§ SUPPLIED INFORMATION:
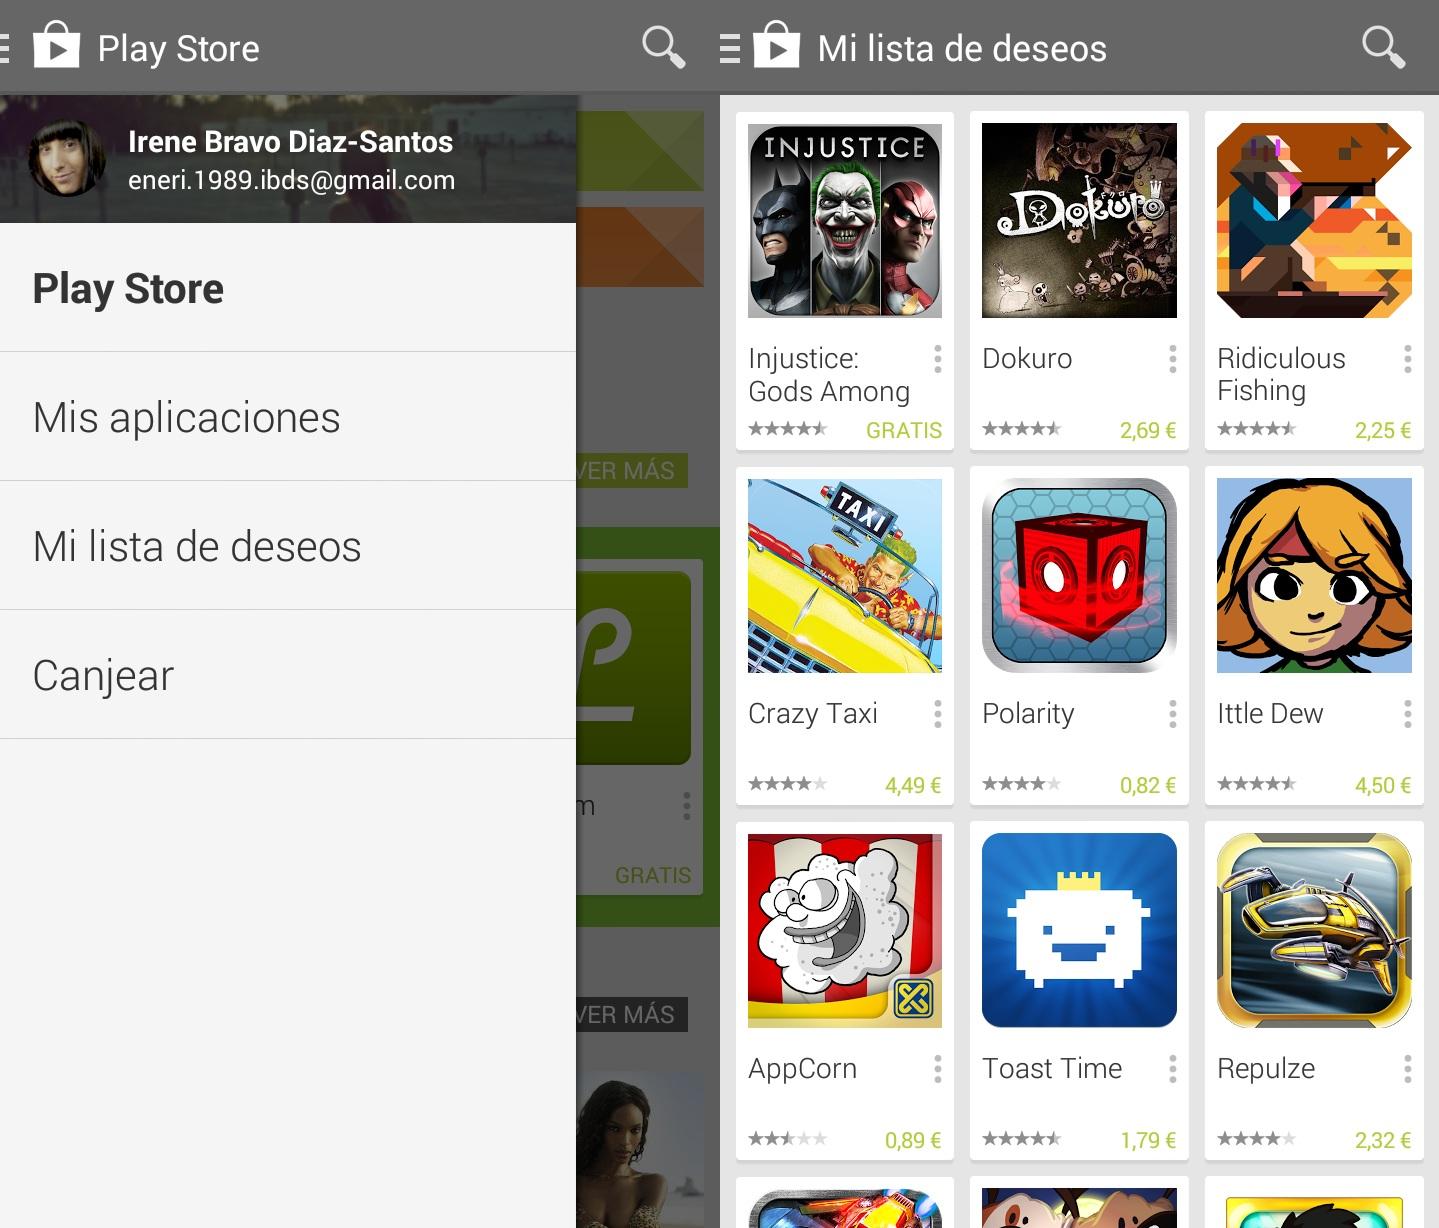 Mi lista de deseos Google Play
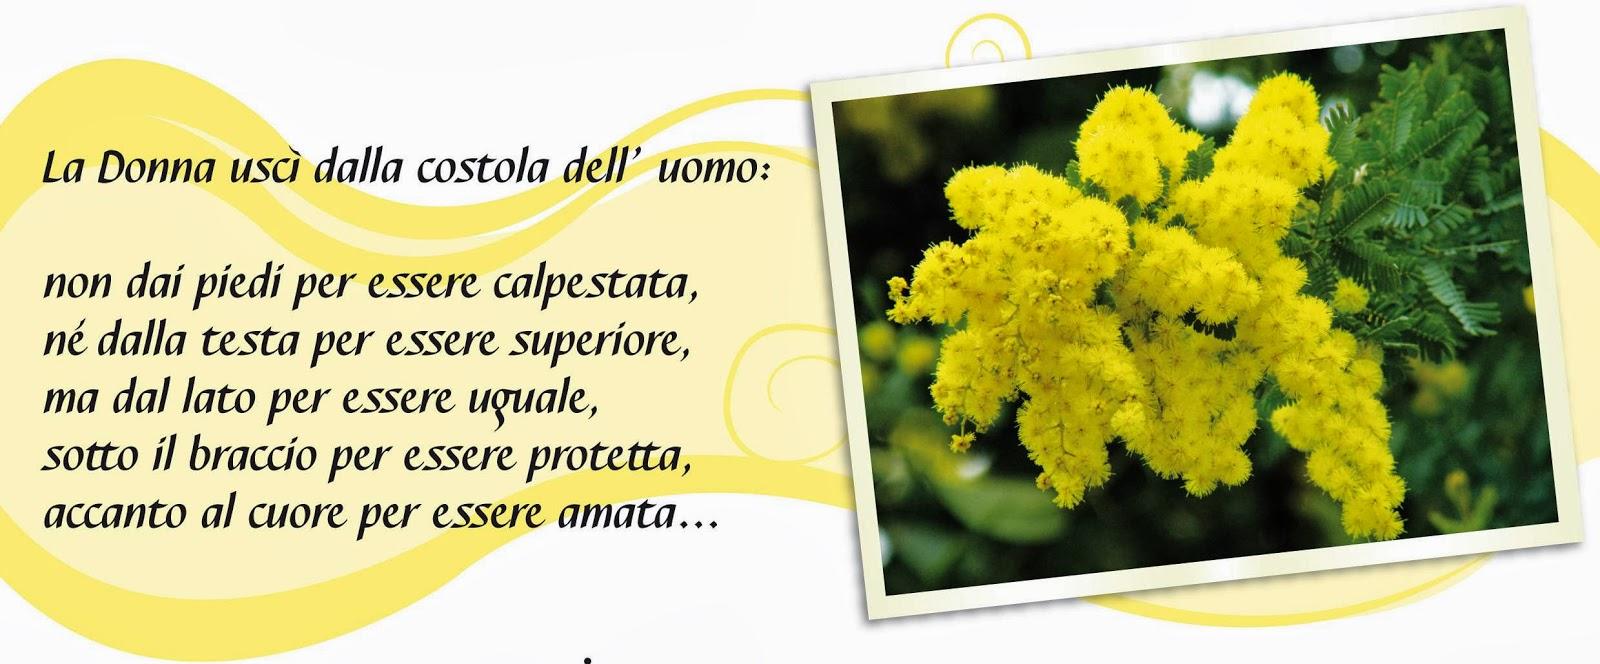 8 marzo - festa della donna - Pagina 2 BuongiornoLink+-+Buongiorno+Auguri+di+Cuore+a+Tutte+le+Donne
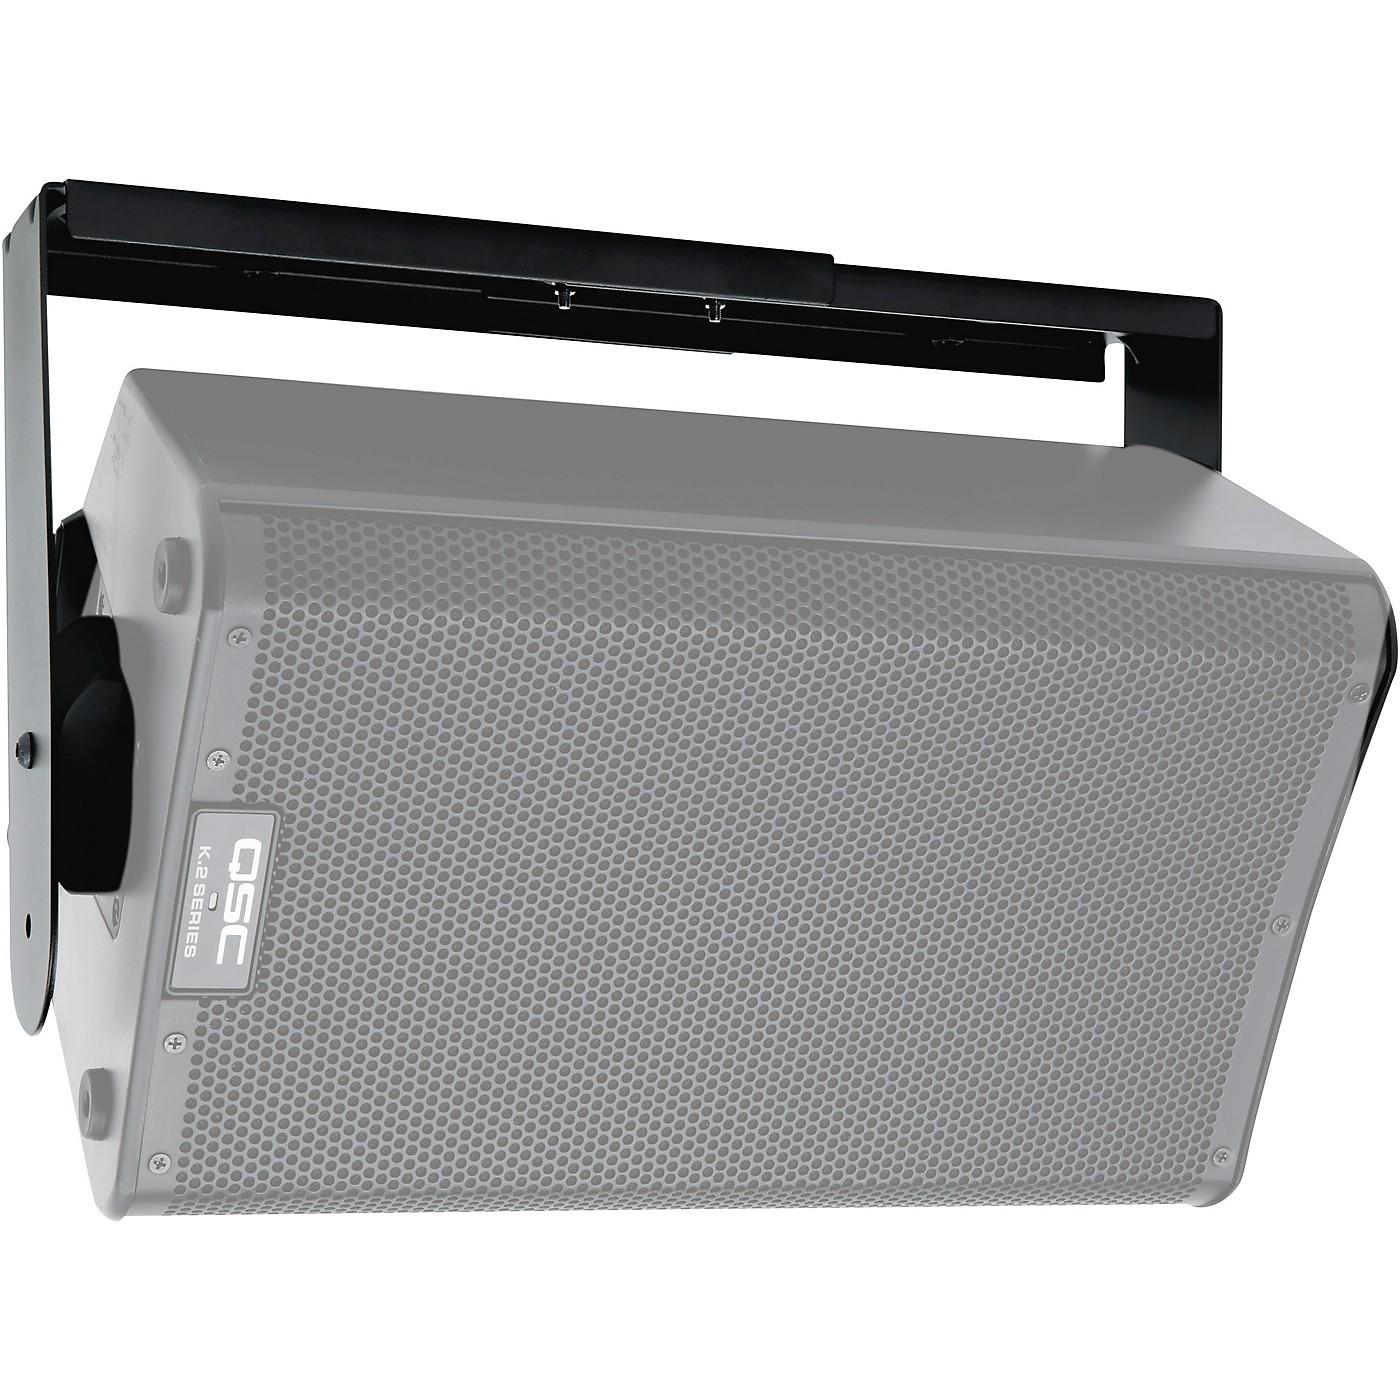 QSC K8.2 Powered Speaker Yoke Mount thumbnail

§ TASK TO CARRY OUT:
Leaving out the pictures, repeat the data above exactly.

§ REPLY TO THE EXERCISE:
 Mi lista de deseos Google Play
 8 marzo - festa della donna - Pagina 2 BuongiornoLink+-+Buongiorno+Auguri+di+Cuore+a+Tutte+le+Donne
 QSC K8.2 Powered Speaker Yoke Mount thumbnail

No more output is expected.